Tongue twisters may be as short as two words—”toy boat,” “truly rural,” “Peggy
Babcock,” or “preshrunk shirts,” for example—their difficulty lying in the challenge to
repeat the same simple phrase several times rapidly without error. But most tongue
twisters are complete sentences like “She sells sea shells by the sea shore”; “Around the
rugged rock the ragged rascal ran”; and “How much wood could a woodchuck chuck if a
woodchuck could chuck wood?” The latter example is often parodied, yielding such
variations as “How many cans can a cannibal nibble, if a cannibal can nibble cans?”
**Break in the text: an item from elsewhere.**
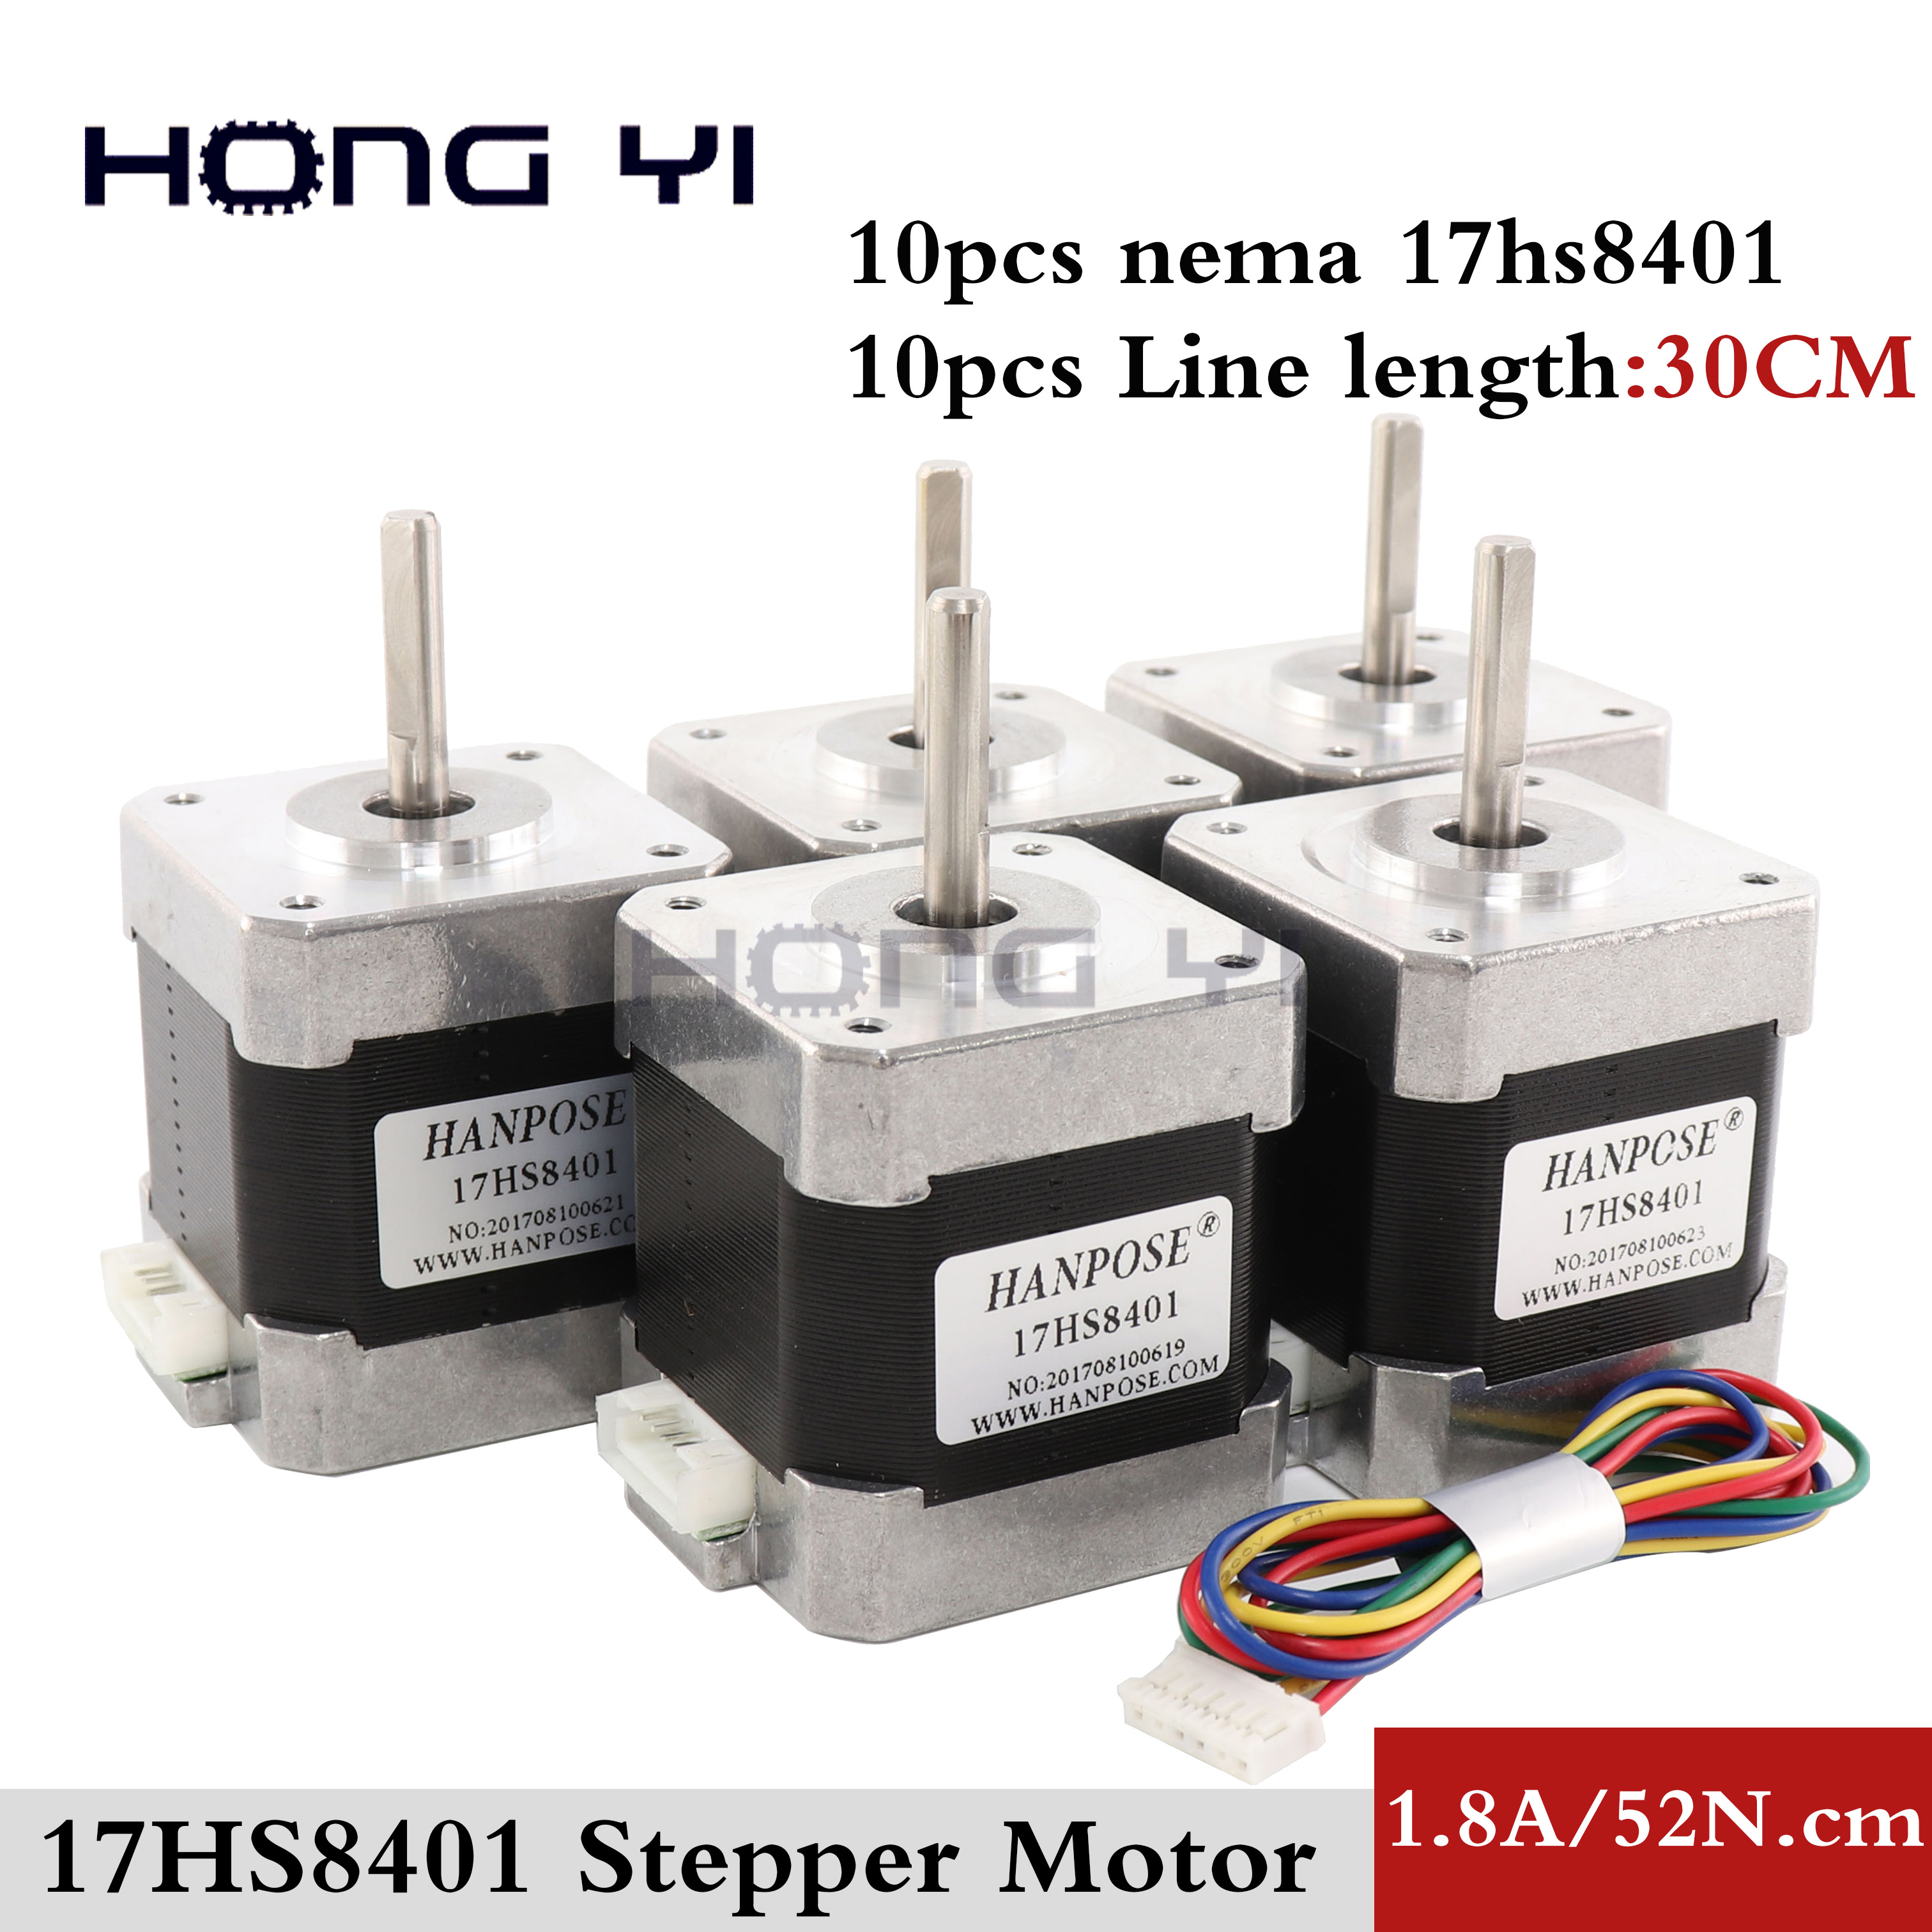 10 PCS / lot 4 lead Nema17 Stepper Motor 42 motor 17HS8401  1.8A CE ROSH ISO CNC Laser Grind Foam Plasma Cut 3D printer-in Stepper Motor from Home Improvement    1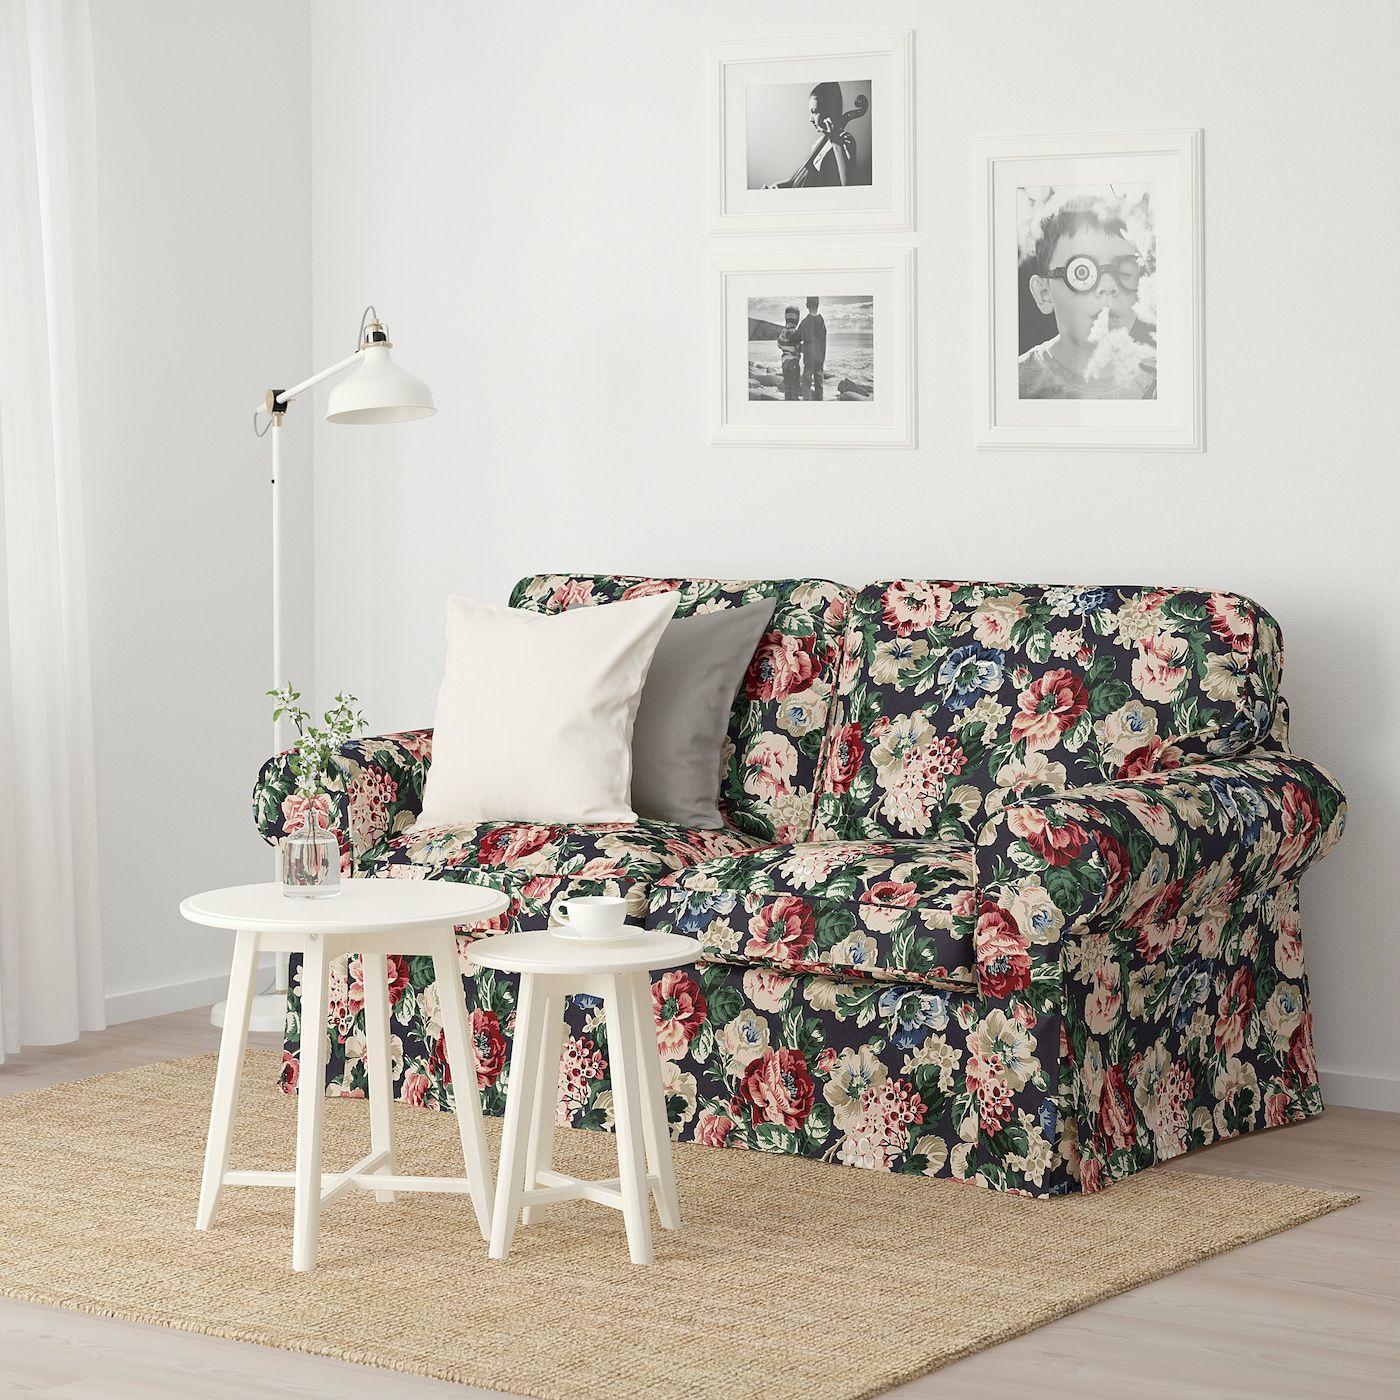 IKEA EKTORP Loveseat Lingbo multicolor Ektorp sofa

Among the tongue-twister sentences that may lead one to uttering an impolite word
are those beginning, “I slit a sheet a sheet I slit…” and “I’m not a fig plucker nor a fig
plucker’s son…” A similar challenge—not to slip into a risque utterance—occurs in the
tongue-twister song that starts “Sarah, Sarah, sitting in a shoe shine shop./All day long
she shines and sits…” Most tongue twisters, however, are innocent of such indecencies,
or go no further in that direction than something like “He ran from the Indies to the
Andes in his undies.”
Besides tongue-twister songs, there are also tongue-tangling rhymes, such as the wellknown limerick about the “tutor who tooted the flute” who “tried to tutor two tooters to
toot….” But a truly challenging tongue twister need not be lengthy or elaborate, since
there is difficulty aplenty in trying to repeat several times without error something as
deceptively simple as “Rubber baby buggy bumpers.”
Tongue twisters, in general, function merely as entertainment, or (in the case of the
off-color references) as pranks. However, some further functions have been documented,
including to practice proper articulation for public speaking and singing, to test the fit of
a new set of false teeth, to audition actors, and to train students in speaking foreign
languages. A German class, for example, might struggle with this jaw breaker: “Wir
Wiener Waschweiber würden weisse Wäsche waschen wenn wir wüssten wo wärmes
Wasser wäre” (We washerwomen of Vienna would wash our washing white if we knew
where some warm water was). Much simpler, but still a tough line to pronounce, is the
Norwegian phrase “fire ferske friske fiske” (four fine fresh fish).
Tongue twisters are usually thought of as children’s folklore, but they seem to be well
remembered by people of all ages. When one writer mentioned his interest in this genre
in a magazine circulated nationally, he received more than 13,000 tongue twisters from
readers. Most contributors mentioned oral tradition via older friends and relatives as their
sources (Potter 1972:1117). An experiment asking subjects to recite tongue twisters until
a mistake was made revealed the kinds of errors most likely to occur and the sound
combinations most frequently leading to mistakes. Confusion of similar morphemes was
the most common kind of error, yielding garbled phrases such as “See shells she sells…”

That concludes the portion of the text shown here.